SEATTLE — Despite maintaining that no laws were broken, an Everett auto dealer settled a more than two-year-old lawsuit filed by the state Attorney General Rob McKenna’s office. It charged the dealer and his operation with engaging in deceptive advertising and sales practices. 

In a deal reached last week, the owner of Performance Kia and the former Performance Nissan will pay $150,000 in attorneys’ fees and penalties to resolve the lawsuit. Performance Jeep-Eagle, the business that operated Performance Kia and the former Performance Nissan, is also on the hook for another $55,000 if the business continues to violate the Consumer Protection Act and other state laws.

“We were ready to go to trial as we felt we would prevail, but agreed to settle the dispute in order to avoid the high cost of litigation and the uncertainties inherent in any trial,” said a defiant Hugh Hall, owner of Performance Nissan and Performance Kia. “The agreement does not contain any admission of violation of any law, nor does it represent agreement with any of the allegations made by the Attorney General's office. In fact, we absolutely and flatly deny that any laws were violated.

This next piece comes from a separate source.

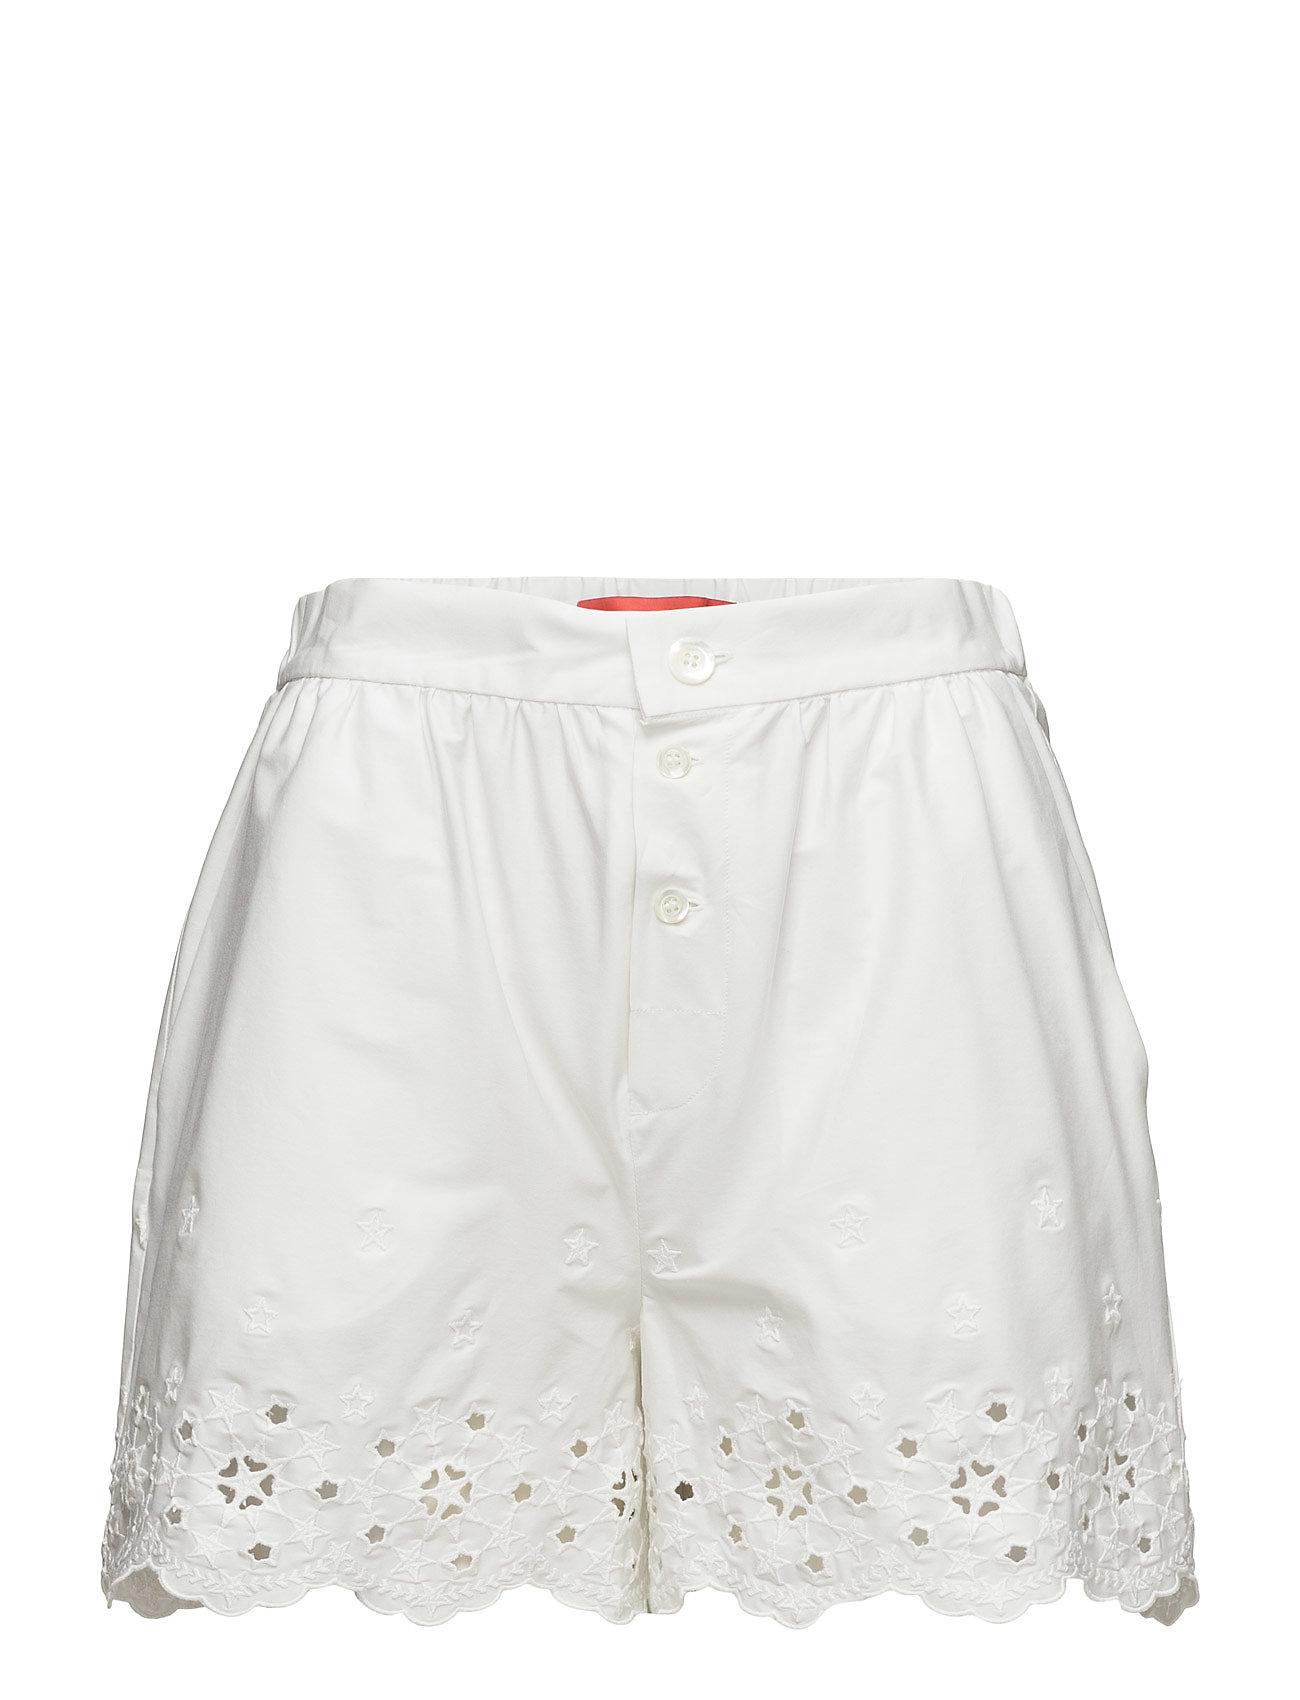 Hilfiger Collection EYELETTING SHORTS Shorts

The lawsuit was filed in 2010 after the attorney general’s office received multiple consumer complaints. Even while the lawsuit was pending, consumers continued to complain. One complaint described Performance Kia’s television commercials for the Kia Soul, which claimed the dealership was overstocked with the compact cars. The ads also allegedly claimed that they vehicles were marked down to $9,988, and guaranteed trade-in values of $4,000.

One consumer complained that when he visited the dealership, none of the advertised vehicles were on the lot. Performance relied on language buried in the television ad that was said there was only one vehicle available. A sales associate also claimed the trade-in offer did not apply to the Kia Soul.

“I just sent a message to the dealership and said I thought their commercials are misleading and their sales tactics were bait and switch … he replied that their commercial was approved by the Attorney General,” the consumer wrote. “If you watch this commercial and still approve it, I would be very surprised.”

Assistant Attorney General Mary Lobdell responded: “We were surprised because we don’t approve television commercials. We’re not authorized to do so, and we certainly don’t approve of these kinds of sales tactics. We also don’t approve of ads that show pictures of junkyard jalopies, suggesting the dealership will pay $2,000 for trade-ins, no matter what condition, because we know that offer is seldom honored.”

Consumers also report being the victims of misleading tactics. One consumer, who complained when the dealership did business as Performance Nissan, spoke of a promotion for Nissan Altimas. “We test drove a car we liked and decided to purchase it,” he wrote in his complaint. “[T]he salesperson came back and told us this particular car was not part of the promotion and it would cost $2,000 more than the advertised price. [W]e felt like it was a ‘bait and switch.’ After further negotiation, the sales manager said he would split the difference and sell us the car for $1,000 more.”

Selling a vehicle at a higher price than advertised is a violation of both the Revised Code of Washington and Washington Administrative Code. The settlement, filed in Snohomish County Superior Court, resolved the Attorney General’s 2010 lawsuit against Performance and establishes a commitment by the dealer to revise its policies and practices.

Performance also agreed not to run ads that suggest the dealership will match buyers’ down payments, not to sell vehicles over the advertised price and not to engage in “false premise” advertising. The operation also must identify used vehicles in its advertising, as well as advertise only those vehicles that are in its possession, among other conditions.

“We continue to operate our business as we always have … in an ethical manner, compliant with the laws of the state of Washington,” Hall said. “This is reflected with the attorney general dropping many of its original allegations, including 'packing' and 'bait and switch,' neither of which is contained within this consent decree.”